## TO DO
Beginning at the line that includes "Explorando a Alma" in the entries below, print each line exactly as it appears, through the last one.

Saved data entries

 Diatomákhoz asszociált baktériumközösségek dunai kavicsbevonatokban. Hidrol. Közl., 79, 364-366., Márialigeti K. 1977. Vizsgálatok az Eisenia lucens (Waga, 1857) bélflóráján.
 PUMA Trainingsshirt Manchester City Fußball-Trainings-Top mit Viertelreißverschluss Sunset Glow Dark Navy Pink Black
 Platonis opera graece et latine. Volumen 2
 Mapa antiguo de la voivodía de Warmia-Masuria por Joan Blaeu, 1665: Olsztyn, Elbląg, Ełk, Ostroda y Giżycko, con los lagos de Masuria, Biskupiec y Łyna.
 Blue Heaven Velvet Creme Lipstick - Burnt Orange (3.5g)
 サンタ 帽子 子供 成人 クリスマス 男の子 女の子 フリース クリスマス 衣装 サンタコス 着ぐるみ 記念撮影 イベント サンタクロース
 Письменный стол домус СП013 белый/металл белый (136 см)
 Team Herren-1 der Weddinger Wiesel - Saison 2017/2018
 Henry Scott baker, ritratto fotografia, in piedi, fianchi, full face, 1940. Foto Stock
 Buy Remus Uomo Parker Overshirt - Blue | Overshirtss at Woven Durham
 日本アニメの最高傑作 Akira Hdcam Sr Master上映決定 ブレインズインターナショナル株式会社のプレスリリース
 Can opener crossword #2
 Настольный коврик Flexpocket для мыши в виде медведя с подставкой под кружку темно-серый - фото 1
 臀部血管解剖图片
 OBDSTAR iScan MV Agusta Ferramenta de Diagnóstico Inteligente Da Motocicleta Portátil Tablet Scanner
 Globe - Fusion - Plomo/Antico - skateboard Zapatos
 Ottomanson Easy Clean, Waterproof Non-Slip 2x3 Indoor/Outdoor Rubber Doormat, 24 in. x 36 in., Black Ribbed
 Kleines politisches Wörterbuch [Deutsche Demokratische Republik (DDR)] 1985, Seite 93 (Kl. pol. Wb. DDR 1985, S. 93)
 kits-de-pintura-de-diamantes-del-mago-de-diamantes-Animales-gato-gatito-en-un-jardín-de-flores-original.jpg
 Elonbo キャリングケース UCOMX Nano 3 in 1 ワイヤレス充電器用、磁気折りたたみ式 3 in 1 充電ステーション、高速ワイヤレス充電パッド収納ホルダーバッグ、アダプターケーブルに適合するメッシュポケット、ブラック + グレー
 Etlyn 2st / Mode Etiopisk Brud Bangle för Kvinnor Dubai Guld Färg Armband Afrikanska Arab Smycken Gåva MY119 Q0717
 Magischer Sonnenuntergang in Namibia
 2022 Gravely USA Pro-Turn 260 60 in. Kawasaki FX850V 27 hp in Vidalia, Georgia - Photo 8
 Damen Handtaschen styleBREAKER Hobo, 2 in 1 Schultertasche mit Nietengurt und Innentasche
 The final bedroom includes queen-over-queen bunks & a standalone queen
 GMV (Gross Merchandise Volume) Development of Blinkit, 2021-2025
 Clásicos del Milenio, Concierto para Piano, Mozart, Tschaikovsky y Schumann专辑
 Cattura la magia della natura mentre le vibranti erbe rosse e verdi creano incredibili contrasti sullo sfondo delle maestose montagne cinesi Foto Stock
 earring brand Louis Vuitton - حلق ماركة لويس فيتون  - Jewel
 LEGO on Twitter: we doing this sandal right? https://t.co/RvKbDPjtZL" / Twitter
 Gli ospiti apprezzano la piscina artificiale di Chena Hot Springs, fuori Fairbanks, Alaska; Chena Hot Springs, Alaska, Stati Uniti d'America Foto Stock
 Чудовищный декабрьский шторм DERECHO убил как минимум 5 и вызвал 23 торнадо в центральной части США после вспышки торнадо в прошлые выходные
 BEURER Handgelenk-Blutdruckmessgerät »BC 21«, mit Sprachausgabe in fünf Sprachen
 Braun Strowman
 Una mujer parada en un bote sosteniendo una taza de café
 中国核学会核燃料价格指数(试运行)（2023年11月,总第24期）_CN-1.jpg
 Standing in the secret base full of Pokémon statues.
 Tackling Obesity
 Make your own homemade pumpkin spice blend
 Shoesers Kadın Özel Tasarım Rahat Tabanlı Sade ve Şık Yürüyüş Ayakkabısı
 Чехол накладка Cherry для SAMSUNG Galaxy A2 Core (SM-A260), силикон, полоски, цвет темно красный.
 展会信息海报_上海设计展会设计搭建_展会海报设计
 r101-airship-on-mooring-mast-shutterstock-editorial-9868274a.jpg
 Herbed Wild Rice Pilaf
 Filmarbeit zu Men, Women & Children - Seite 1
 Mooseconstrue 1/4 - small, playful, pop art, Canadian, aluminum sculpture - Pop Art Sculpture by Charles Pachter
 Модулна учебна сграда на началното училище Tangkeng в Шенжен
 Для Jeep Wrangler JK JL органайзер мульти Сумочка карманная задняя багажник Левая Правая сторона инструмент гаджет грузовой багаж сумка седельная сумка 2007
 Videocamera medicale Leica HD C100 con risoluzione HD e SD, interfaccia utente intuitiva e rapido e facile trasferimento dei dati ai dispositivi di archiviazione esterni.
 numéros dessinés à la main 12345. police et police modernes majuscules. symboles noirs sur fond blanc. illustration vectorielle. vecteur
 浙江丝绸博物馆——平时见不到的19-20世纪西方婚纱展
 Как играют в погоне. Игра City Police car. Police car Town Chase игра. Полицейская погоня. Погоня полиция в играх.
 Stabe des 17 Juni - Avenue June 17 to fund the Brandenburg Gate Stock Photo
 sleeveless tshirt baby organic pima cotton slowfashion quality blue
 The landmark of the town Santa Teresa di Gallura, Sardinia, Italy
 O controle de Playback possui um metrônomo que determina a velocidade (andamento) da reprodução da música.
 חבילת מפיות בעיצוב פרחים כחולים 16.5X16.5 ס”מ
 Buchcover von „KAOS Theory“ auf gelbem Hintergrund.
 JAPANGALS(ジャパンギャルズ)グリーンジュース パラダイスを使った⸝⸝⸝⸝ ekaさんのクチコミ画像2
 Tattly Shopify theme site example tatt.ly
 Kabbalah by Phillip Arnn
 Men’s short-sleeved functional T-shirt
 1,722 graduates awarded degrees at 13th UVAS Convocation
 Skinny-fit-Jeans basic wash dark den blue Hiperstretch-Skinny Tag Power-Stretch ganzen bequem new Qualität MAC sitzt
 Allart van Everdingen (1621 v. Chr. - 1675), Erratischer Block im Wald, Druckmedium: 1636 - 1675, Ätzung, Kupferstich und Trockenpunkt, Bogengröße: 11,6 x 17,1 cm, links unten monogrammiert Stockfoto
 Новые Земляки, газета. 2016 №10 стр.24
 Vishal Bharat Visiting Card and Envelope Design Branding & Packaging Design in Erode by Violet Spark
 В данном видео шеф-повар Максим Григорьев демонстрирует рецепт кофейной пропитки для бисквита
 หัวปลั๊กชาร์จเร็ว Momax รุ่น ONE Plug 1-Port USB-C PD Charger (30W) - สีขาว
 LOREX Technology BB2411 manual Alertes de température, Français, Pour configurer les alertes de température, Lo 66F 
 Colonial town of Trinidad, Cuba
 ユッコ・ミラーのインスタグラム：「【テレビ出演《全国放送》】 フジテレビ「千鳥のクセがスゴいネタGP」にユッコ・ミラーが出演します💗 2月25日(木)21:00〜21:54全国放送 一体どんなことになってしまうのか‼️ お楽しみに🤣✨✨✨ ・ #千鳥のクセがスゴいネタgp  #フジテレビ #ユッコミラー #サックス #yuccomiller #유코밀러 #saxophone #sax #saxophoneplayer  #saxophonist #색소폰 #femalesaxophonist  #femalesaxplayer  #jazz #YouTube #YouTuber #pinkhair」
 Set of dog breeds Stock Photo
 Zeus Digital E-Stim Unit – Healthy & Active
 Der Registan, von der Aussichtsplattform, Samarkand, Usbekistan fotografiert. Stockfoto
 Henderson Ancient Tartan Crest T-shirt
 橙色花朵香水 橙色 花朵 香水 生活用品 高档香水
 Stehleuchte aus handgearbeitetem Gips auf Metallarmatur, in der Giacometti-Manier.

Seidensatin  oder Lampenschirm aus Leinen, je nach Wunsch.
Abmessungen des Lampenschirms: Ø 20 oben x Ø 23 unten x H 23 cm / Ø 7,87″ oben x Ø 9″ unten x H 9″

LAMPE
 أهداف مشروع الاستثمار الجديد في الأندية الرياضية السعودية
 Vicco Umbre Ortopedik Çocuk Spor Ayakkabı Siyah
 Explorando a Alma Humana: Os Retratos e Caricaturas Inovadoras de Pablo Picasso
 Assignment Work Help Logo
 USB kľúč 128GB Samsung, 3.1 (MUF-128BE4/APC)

## SOLUTION FOR THIS EXERCISE
 Explorando a Alma Humana: Os Retratos e Caricaturas Inovadoras de Pablo Picasso
 Assignment Work Help Logo
 USB kľúč 128GB Samsung, 3.1 (MUF-128BE4/APC)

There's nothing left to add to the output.